The HX711 is a 24-bit analog-to-digital converter translates the small changes in strain from the load cell into 24-bit changes in voltage (Arduino 0-5V). This allows the Arduino to resolve weight (mass) changes down to the range of the load cell (typically 500g, 1kg, 5kg, or more) divided by half the bit depth (2exp23). For a 1kg load cell, this results in mass change detection down to 0.0001g. In practice, however, the analog-to-digital converter and load cell both can have inherent noise (electrical and mechanical) which results in a much lower precision closer to 0.1% of the measurement value. The HX711 can be powered anywhere from 2.7V - 5.5V.

Load cell features:
Model: YZC-133, Rated Load: 1Kg, Rated Output: 1.0 0.15mV / V, Nonlinear: 0.03% F.S, Hysteresis: 0.03% F.S, Repeatability: 0.03% F.S, Creep (5 minutes): 0.05% F.S, Temperature Effect on Output: 0.003% F.S / C, Temperature Effect on Zero: 0.02% F.S / C, Zero Balance: 0.1000 mV / V, Input Impedance: 1066 ±20% Ω, Output Impedance: 1000 ±10% Ω, Insulation Resistance: 2000 MΩ, Recommended Operating Voltage: 5V, Maximum Operating Voltage: 10V, Material: Aluminum

How to Connect

To connect to the Grove board:

1. Connect the red wire to the E+ and the black wire to the E- output of the HX711 module.
We chose the red and black wire pair to be the power wires of the load cell. E+ and E- are the sensor power outputs of the HX711 module. The polarity doesn't matter. We picked red to be the positive side and black to be the negative side to make it follow a common convention. Switching up red and black will only invert the calibration parameter in the software.

2. Connect the green wire to the A+ and the white one to the A- inputs of the HX711 module
A+ and A- are the measurement inputs of the HX711 module.
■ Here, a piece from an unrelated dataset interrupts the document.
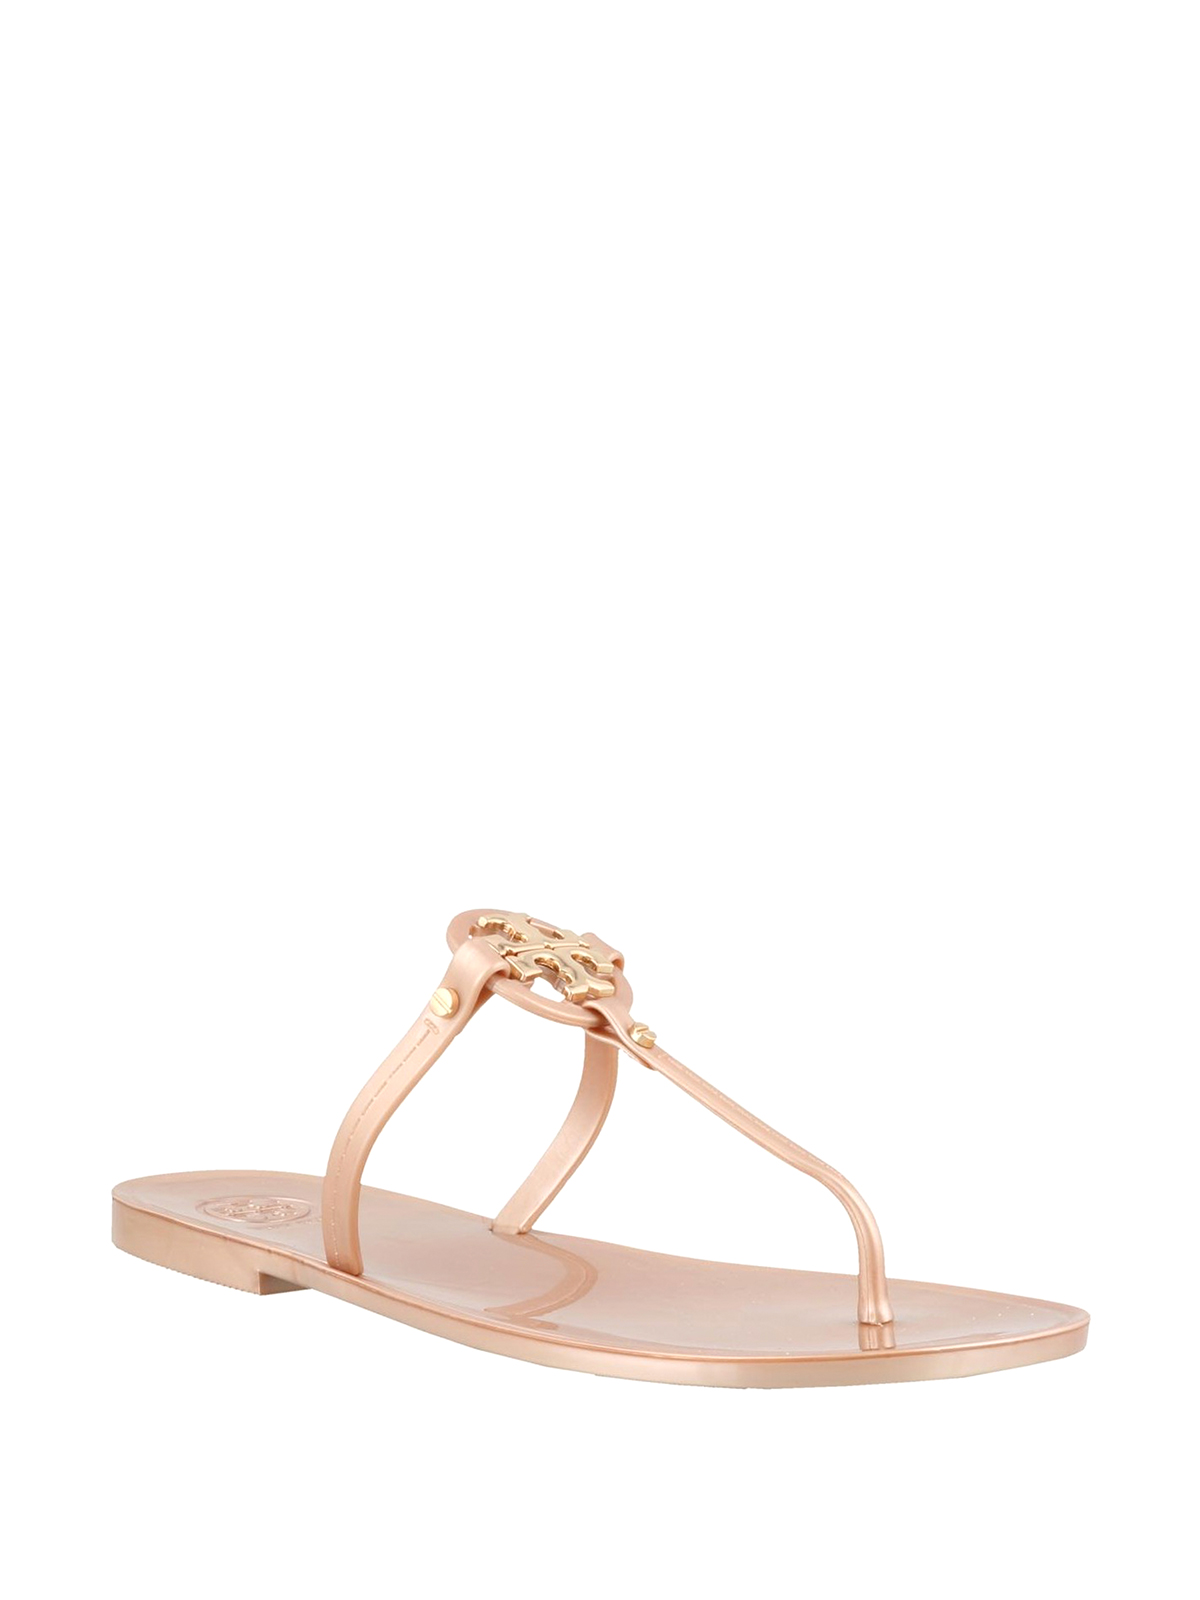 tory burch white jelly sandals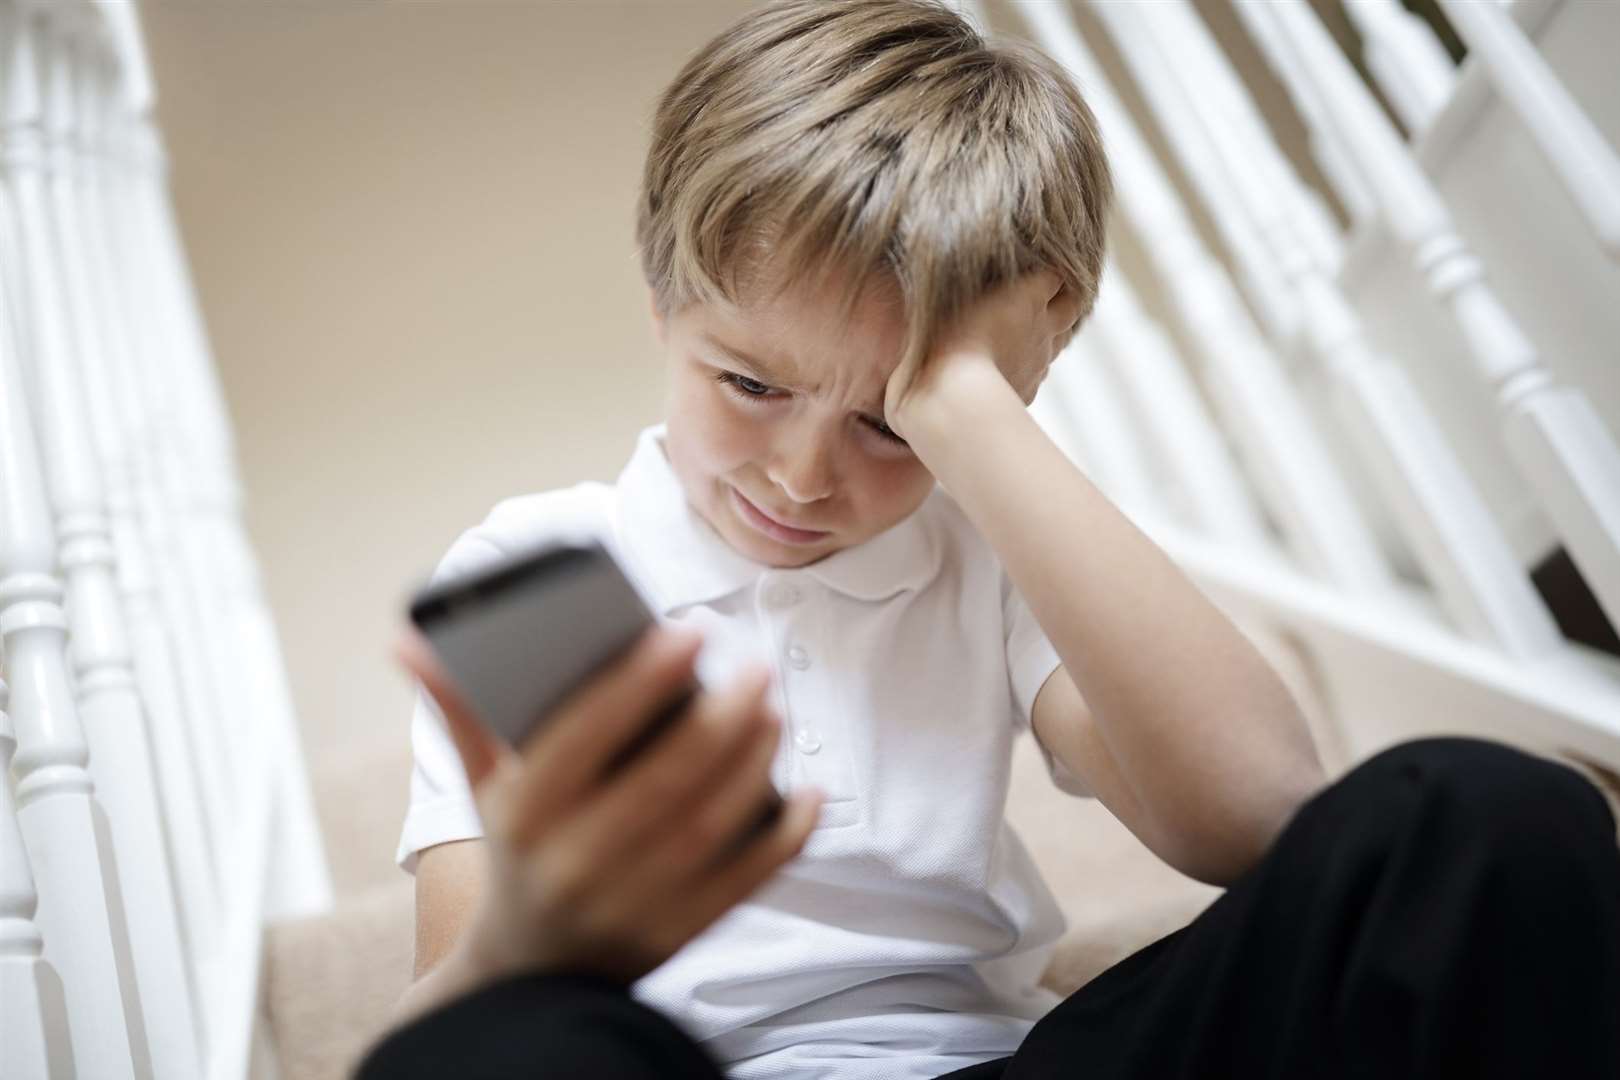 Parents are warned to be sure they know who their child is talking to on their mobile

Like with the power wires, the polarity is not important. You just need to recalibrate in the software if you switch them up.

3. Connect the GND of the HX711 module to the Arduino GND and VCC to the Arduino 5V pin.
HX711 also works with 3.3V. If you have some other microcontroller that runs on 3.3V, you can use 3.3V instead of 5V.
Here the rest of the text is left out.